Pyncostola illuminata

Scientific classification
- Kingdom: Animalia
- Phylum: Arthropoda
- Class: Insecta
- Order: Lepidoptera
- Family: Gelechiidae
- Genus: Pyncostola
- Species: P. illuminata
- Binomial name: Pyncostola illuminata (Meyrick, 1913)
- Synonyms: Paltodora illuminata Meyrick, 1913;

= Pyncostola illuminata =

- Authority: (Meyrick, 1913)
- Synonyms: Paltodora illuminata Meyrick, 1913

Species of moth

Pyncostola illuminata is a moth of the family Gelechiidae.

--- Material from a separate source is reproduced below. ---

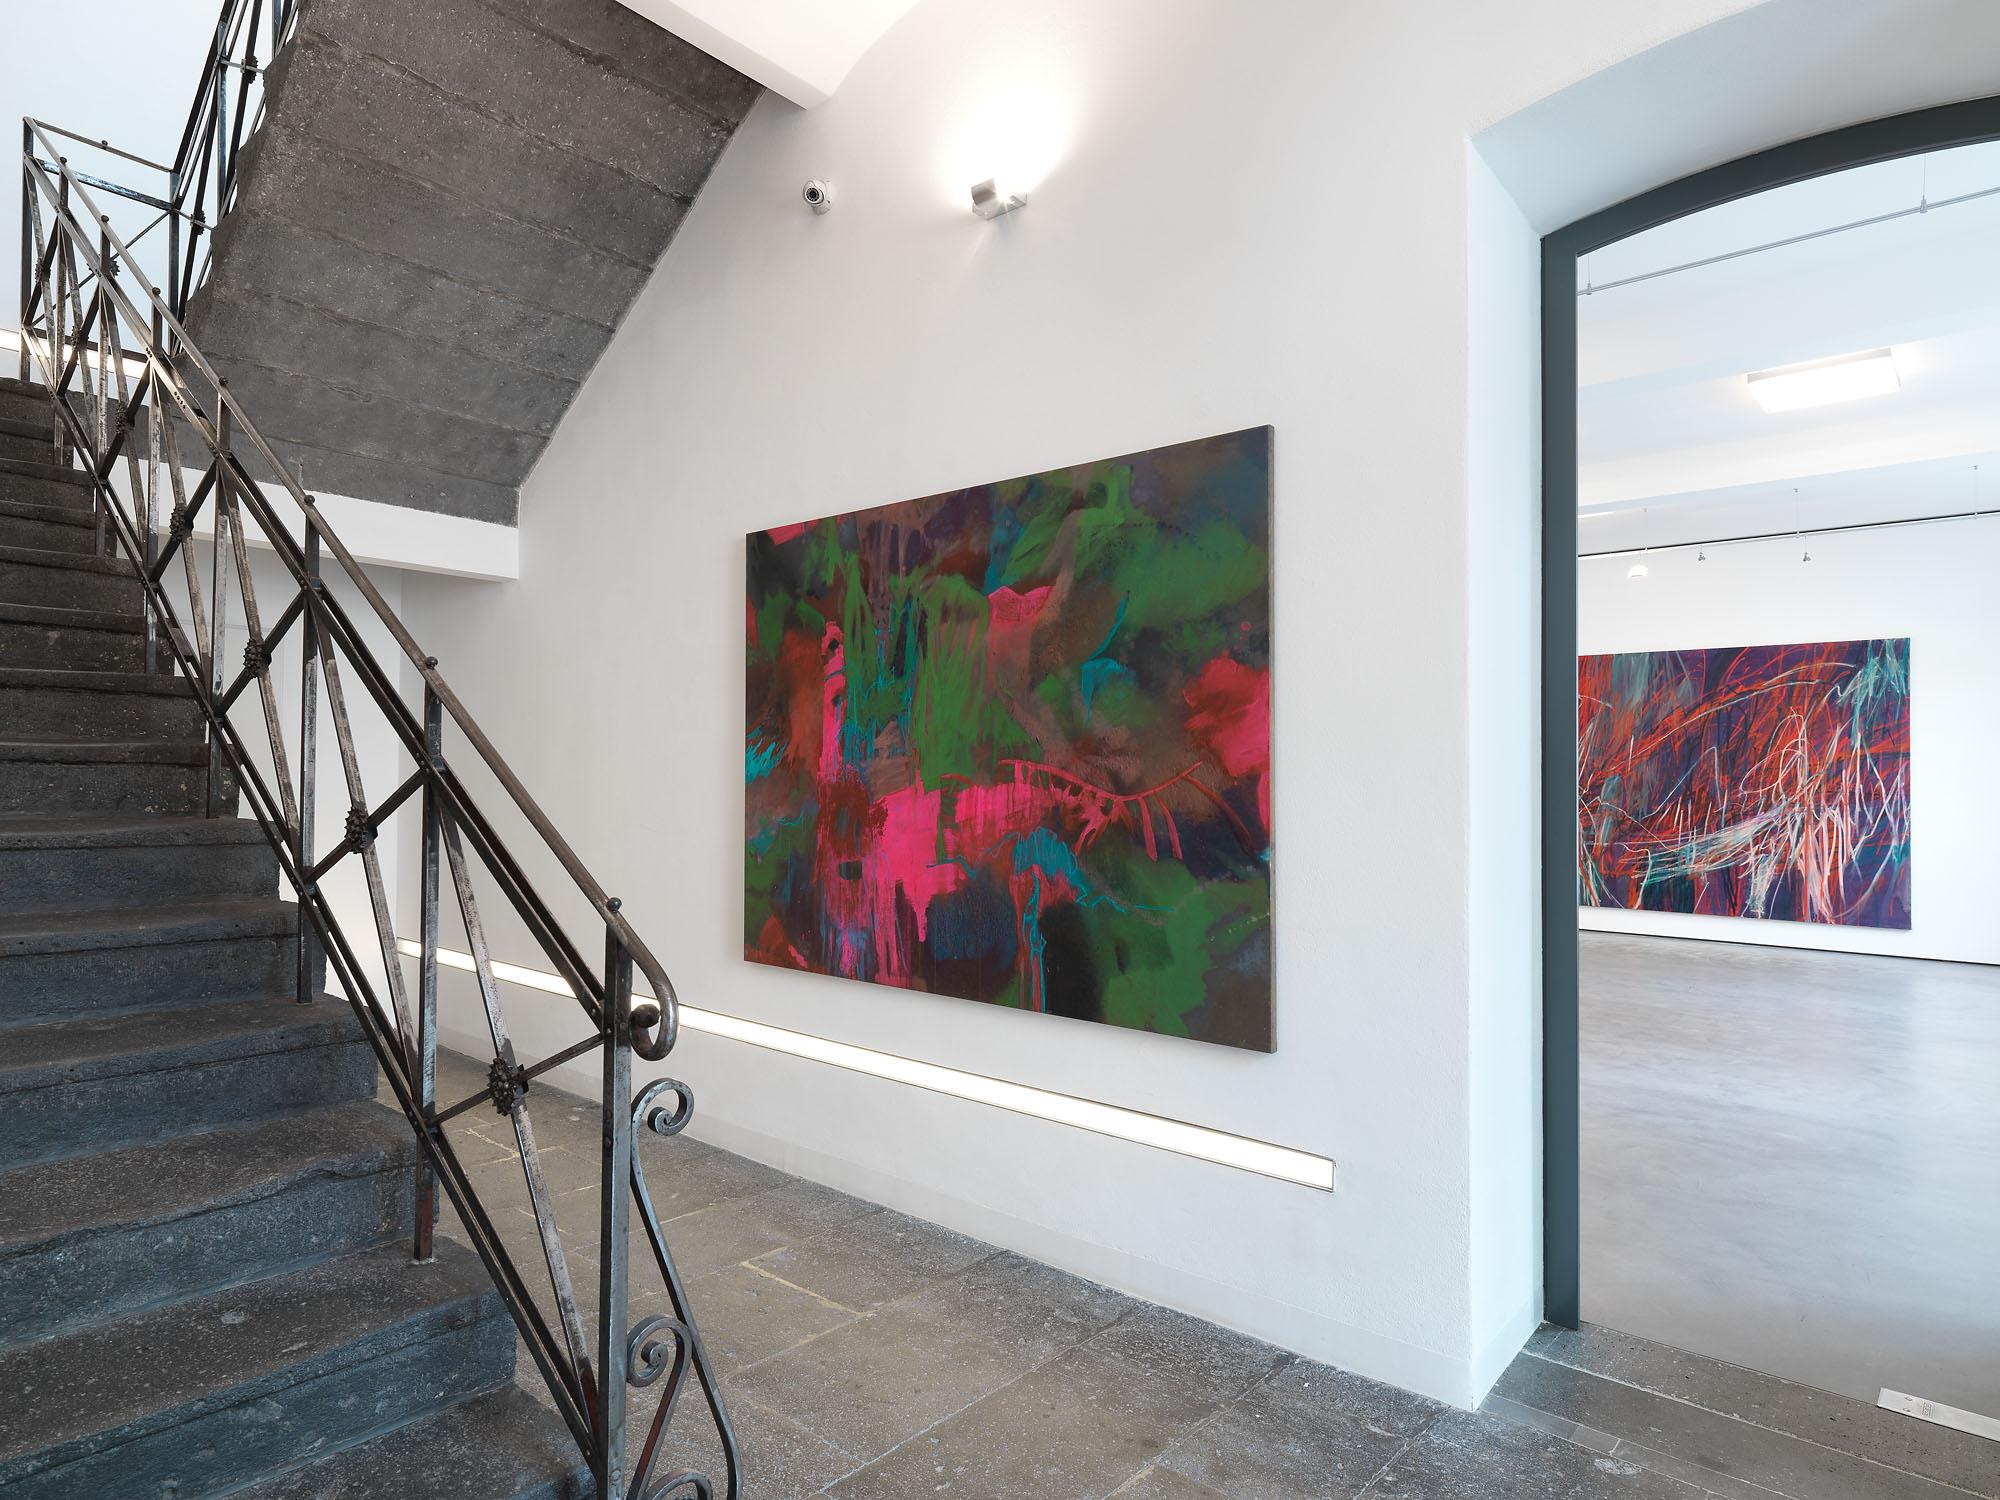 Instalationview, Sabrina Haunsperg, Galerie Judith Andreae, Bonn, Germany(2)

It was described by Edward Meyrick in 1913. It is found in South Africa, where it has been recorded from Mpumalanga, KwaZulu-Natal, Gauteng and Limpopo.

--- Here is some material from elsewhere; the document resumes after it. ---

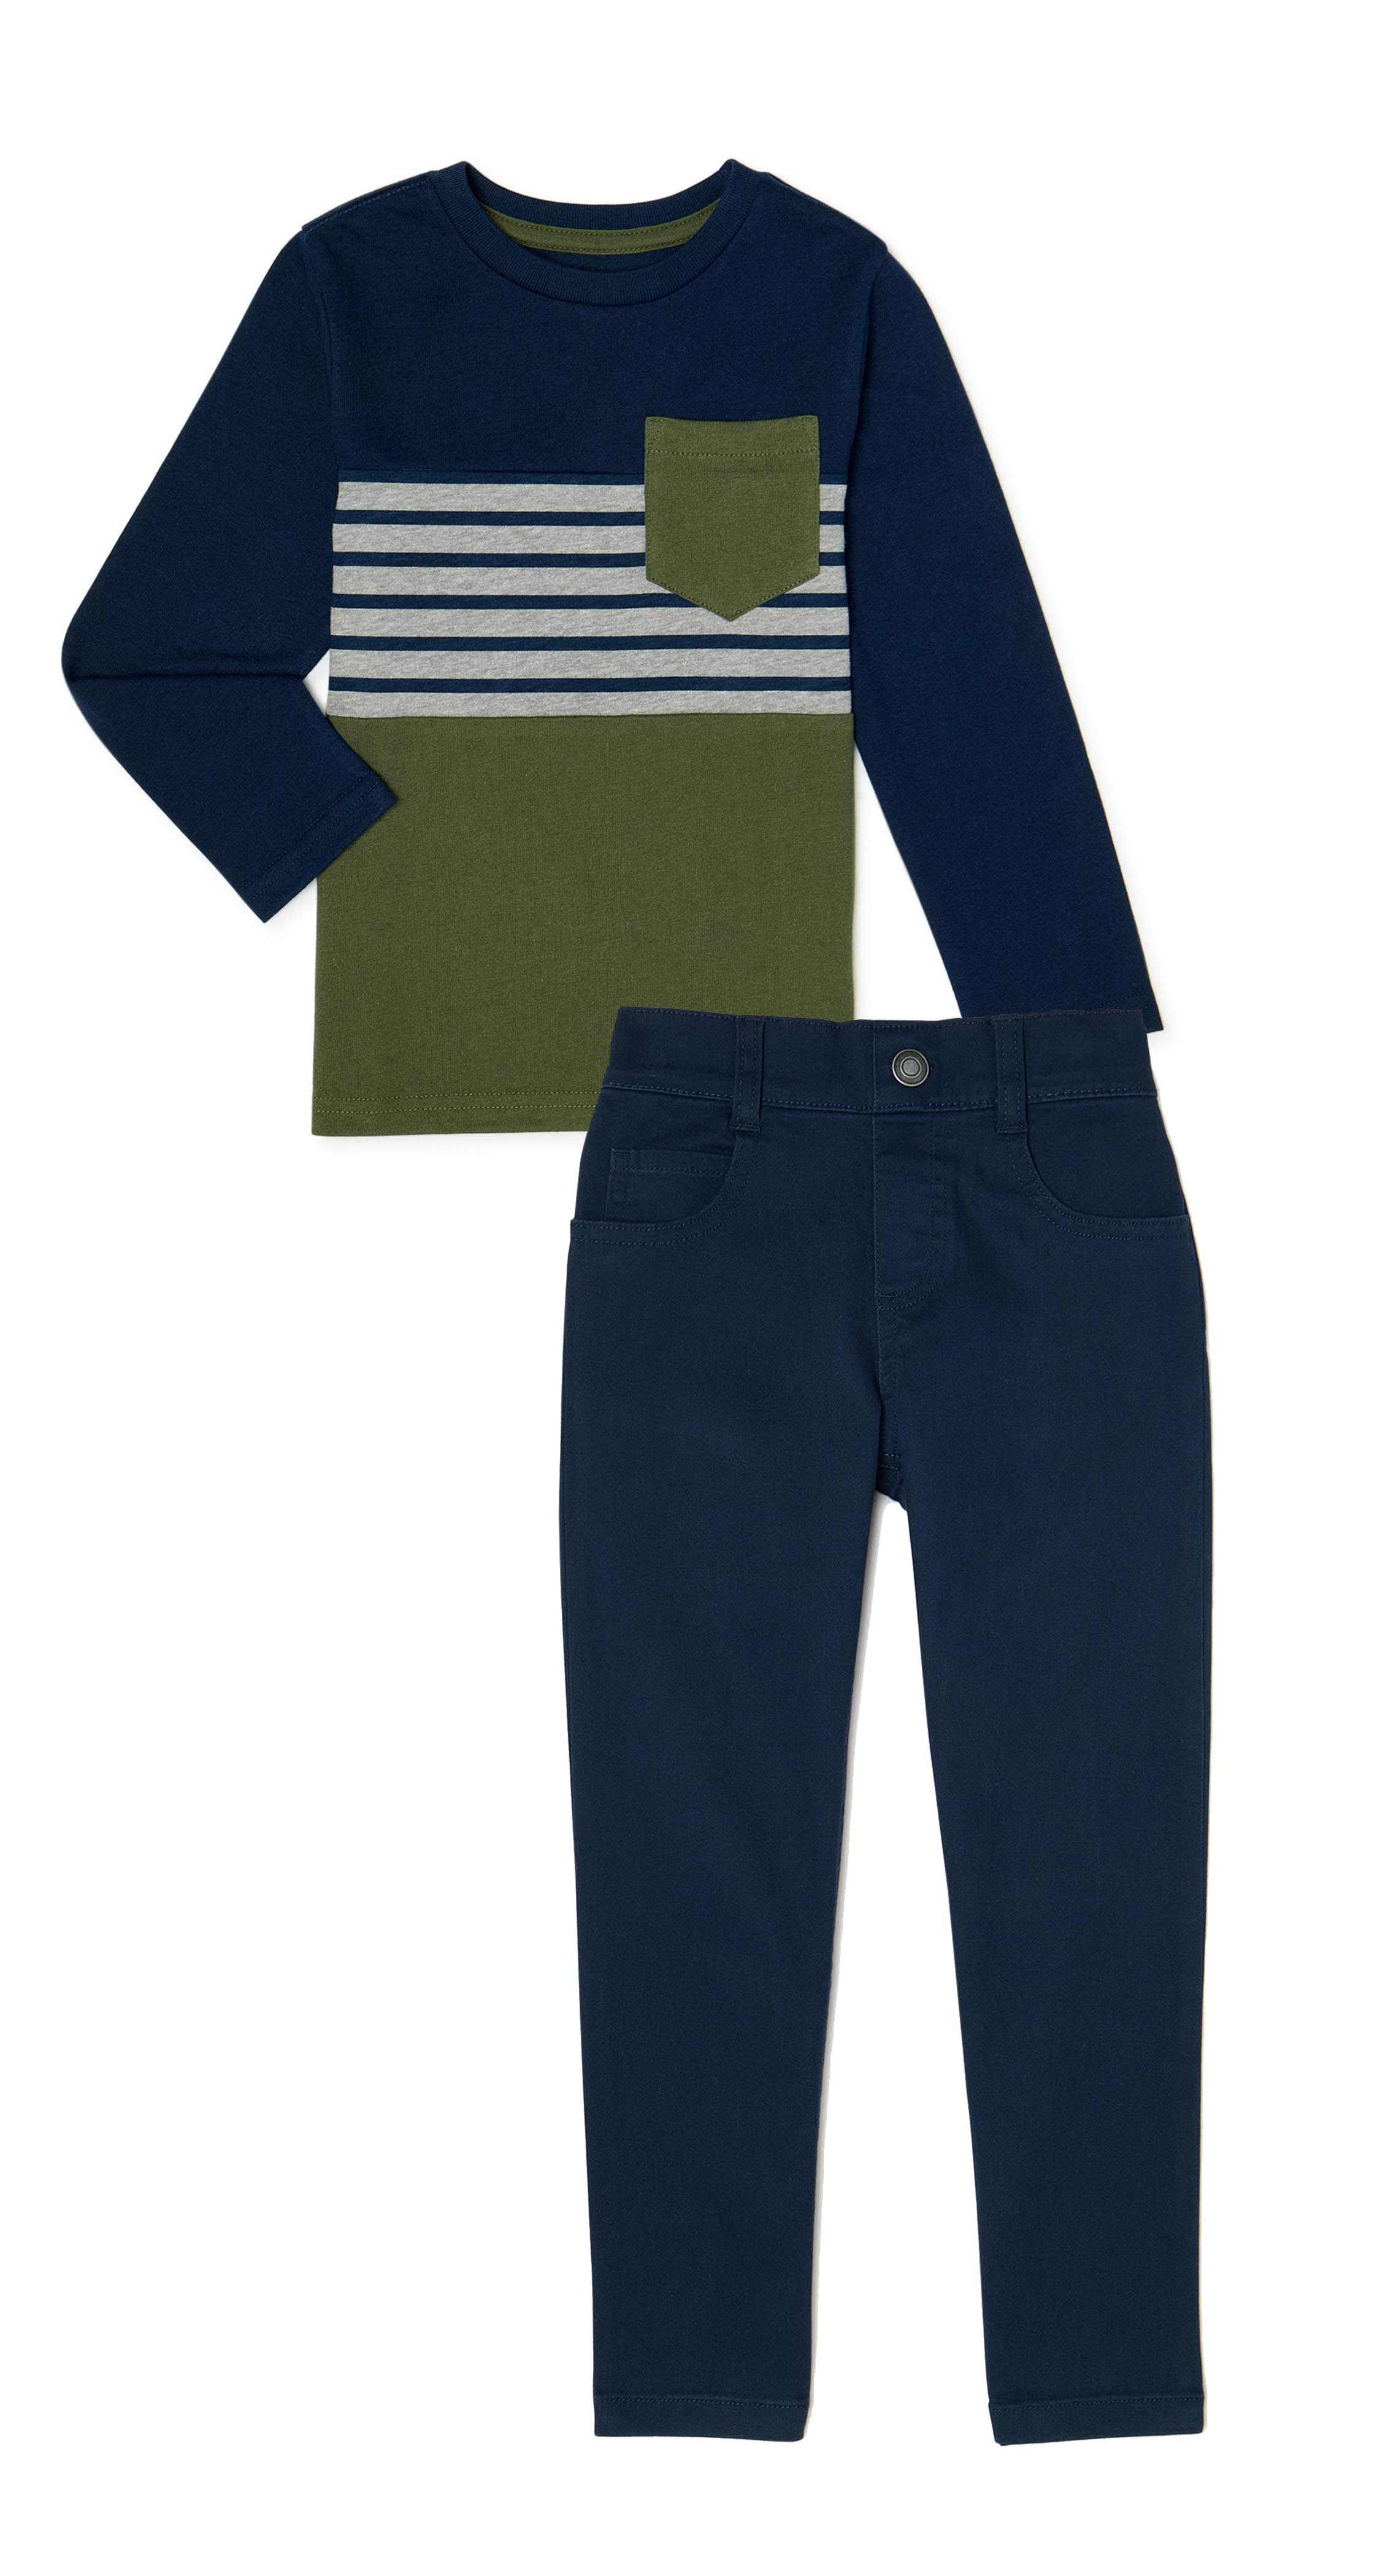 and Jogger Pant Pants Set English Laundry Baby-Boys Long Sleeve T-Shirt Henley T-Shirt

The wingspan is 18–21 mm. The forewings are light brownish ochreous, all veins marked with pale greyish-ochreous streaks irrorated (sprinkled) with dark fuscous. There are dark fuscous dots between these streaks beneath the costa at one-fifth and one-third, one on the fold between these, and three representing the stigmata, the plical very obliquely before the first discal. The hindwings are pale ochreous grey.